GIVEN INFORMATION:

----------

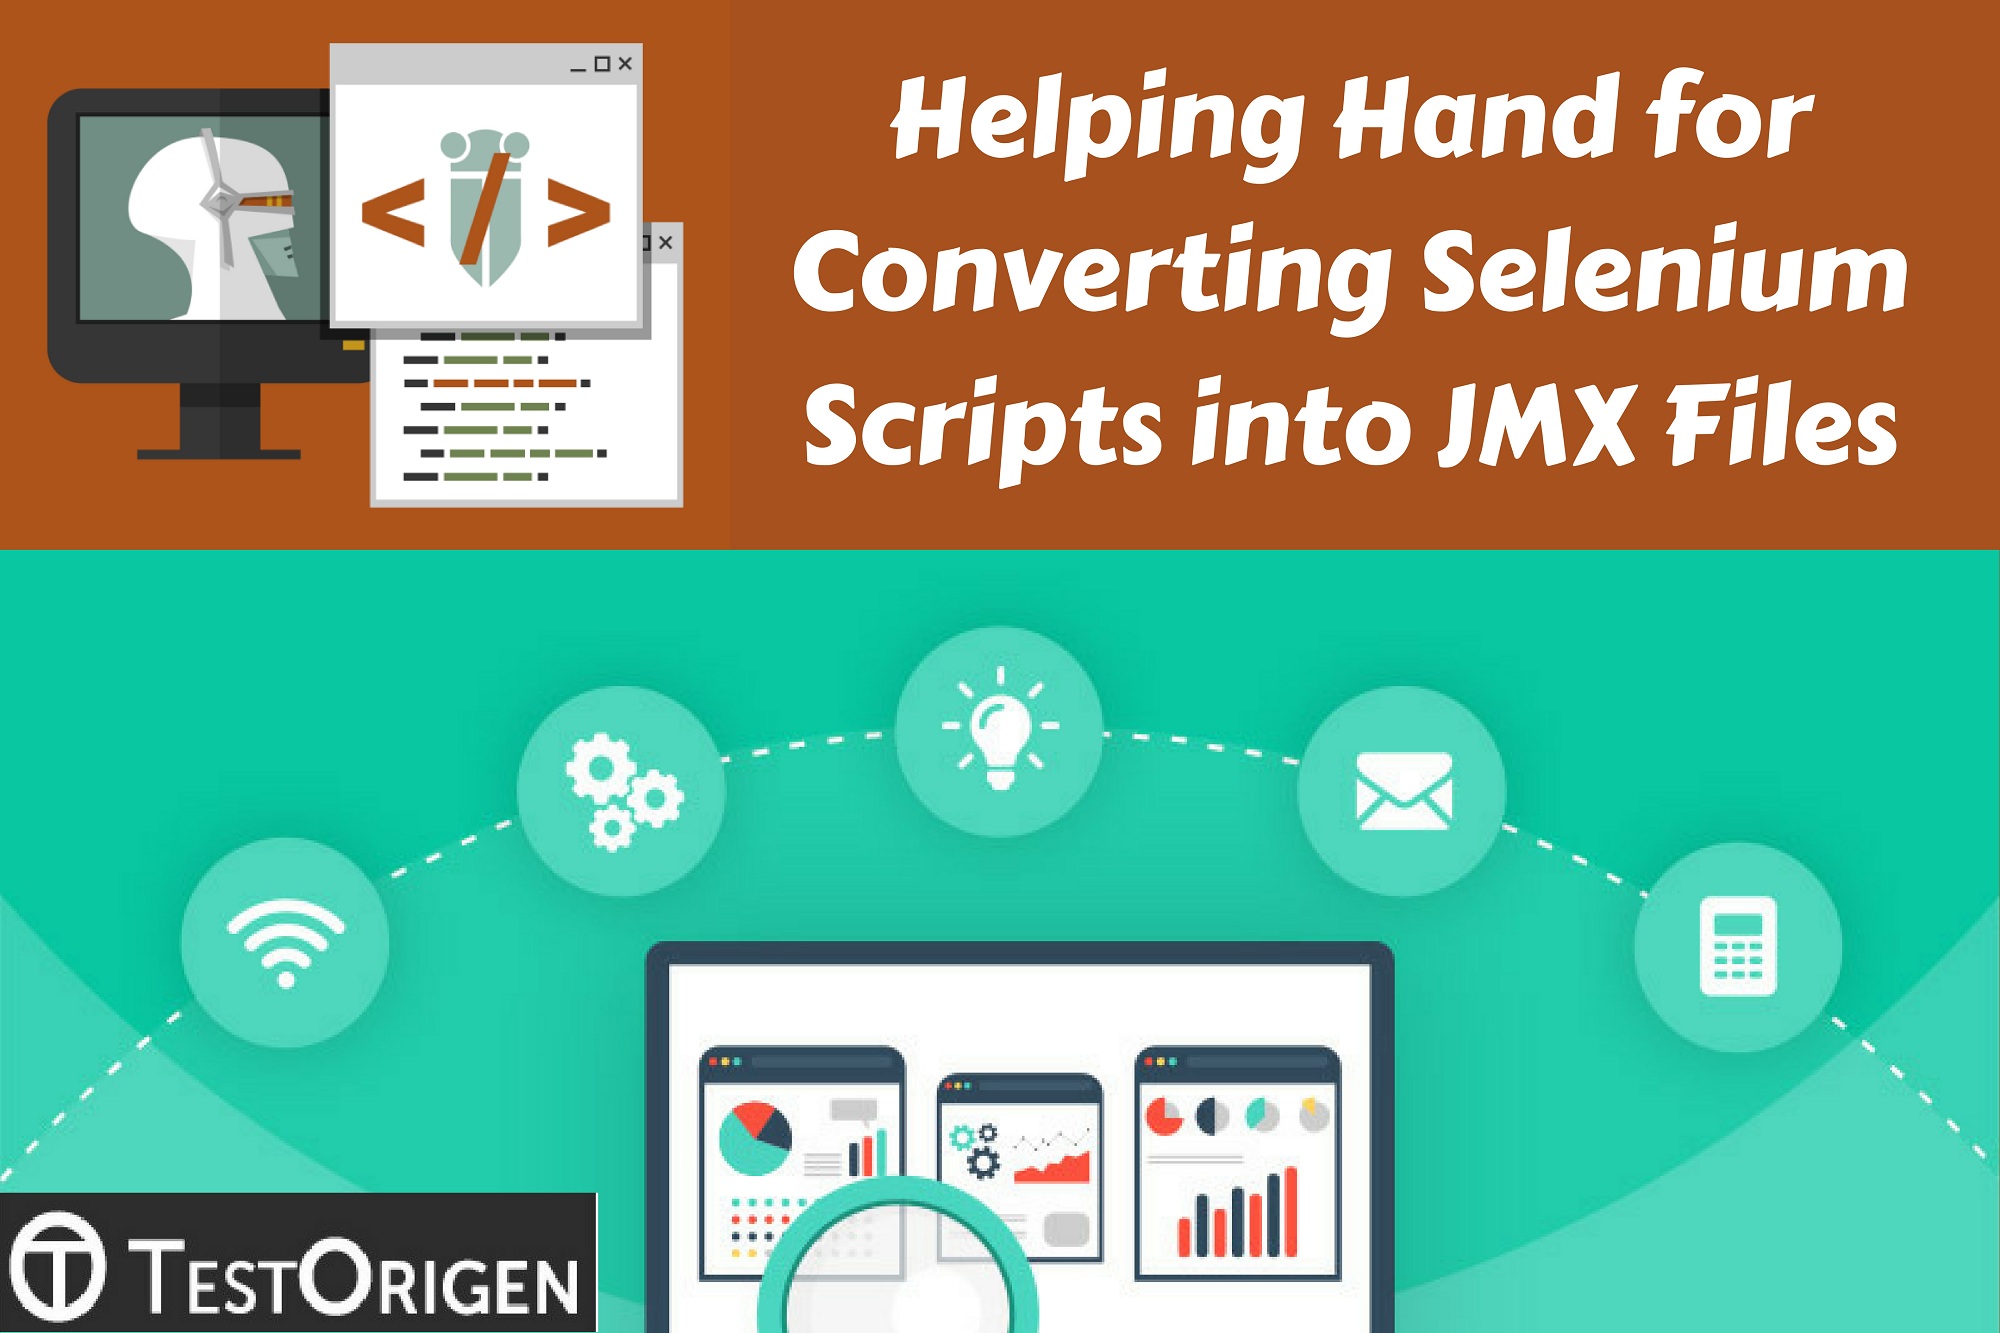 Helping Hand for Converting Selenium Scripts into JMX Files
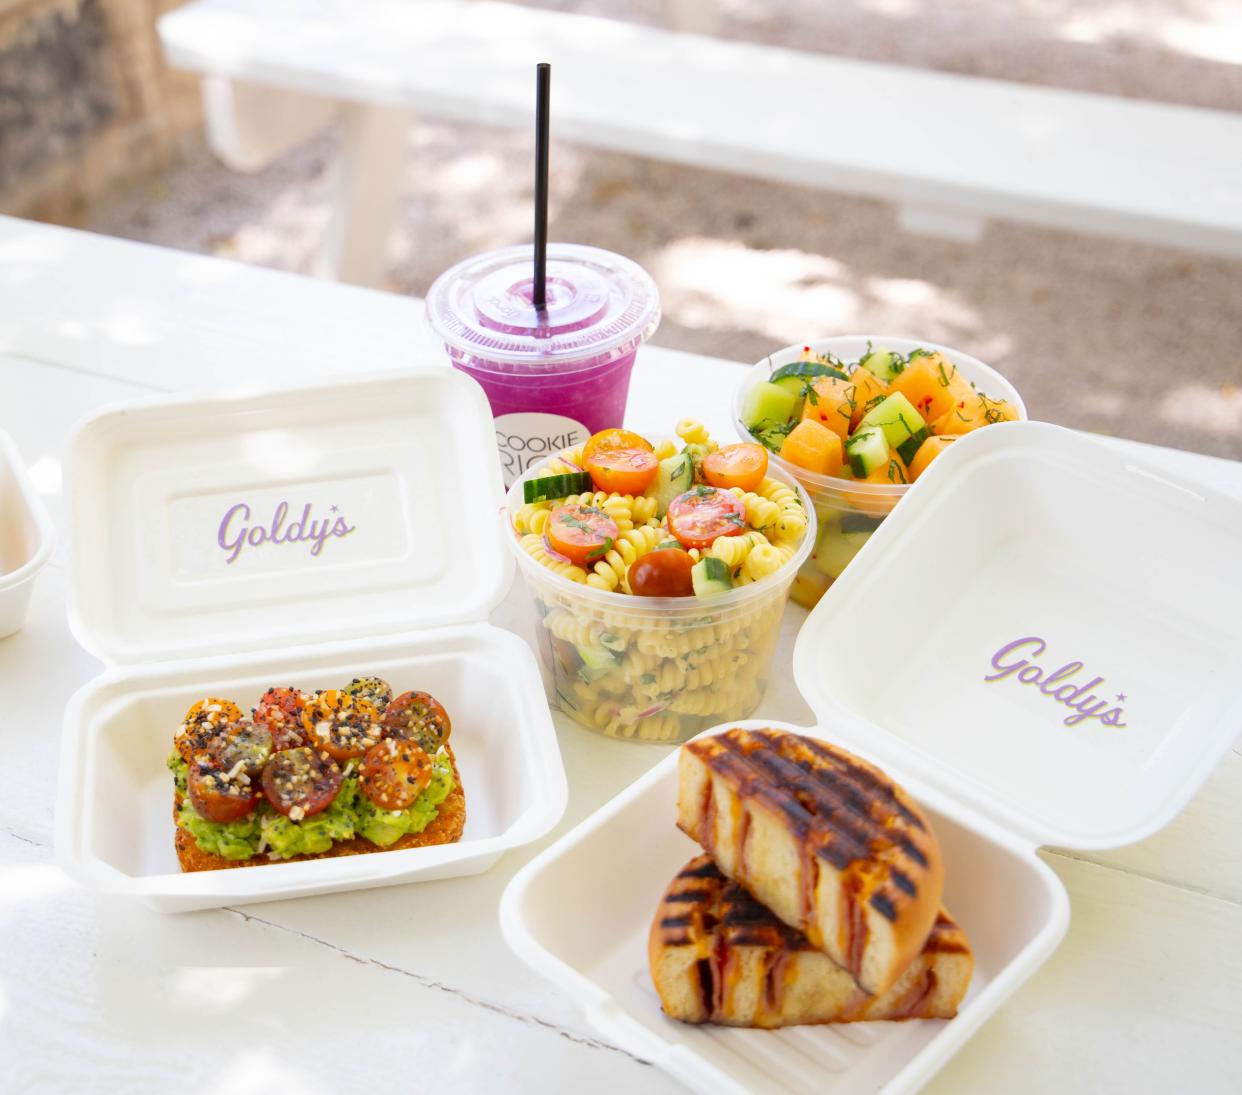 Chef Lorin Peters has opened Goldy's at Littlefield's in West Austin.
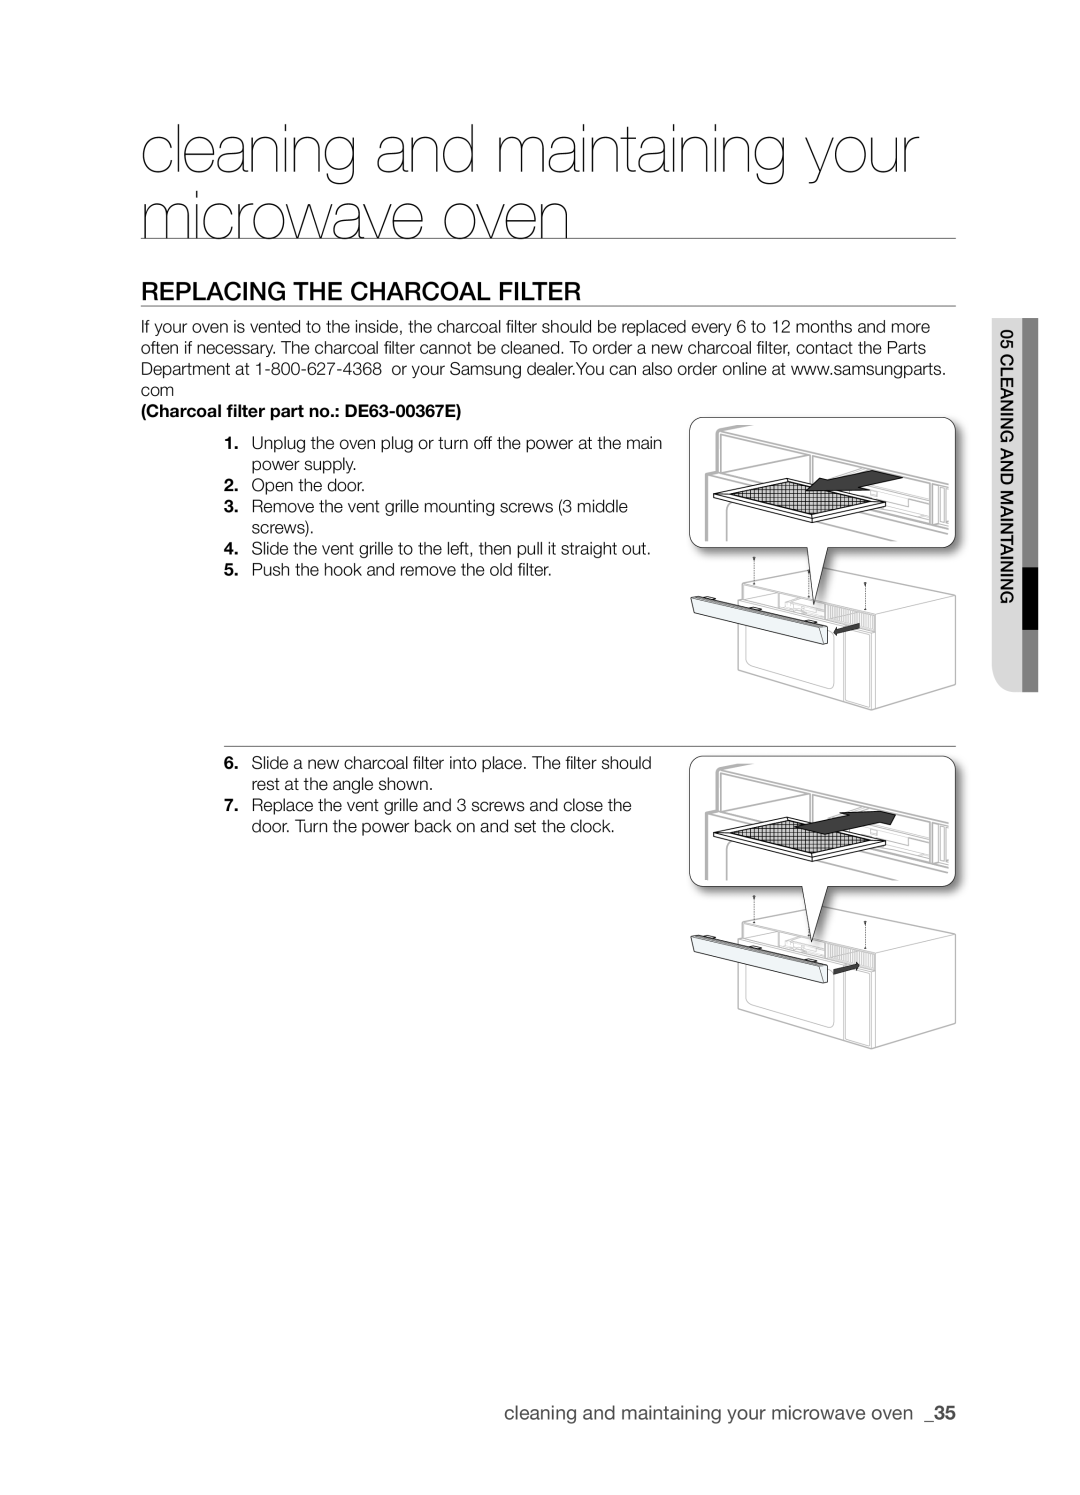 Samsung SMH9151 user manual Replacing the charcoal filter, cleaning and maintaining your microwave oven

----------

THE PROBLEM: Each line above should be returned exactly as written, apart from any pictures.

EXERCISE ANSWER:
 Helping Hand for Converting Selenium Scripts into JMX Files
 Chef Lorin Peters has opened Goldy's at Littlefield's in West Austin.
 Samsung SMH9151 user manual Replacing the charcoal filter, cleaning and maintaining your microwave oven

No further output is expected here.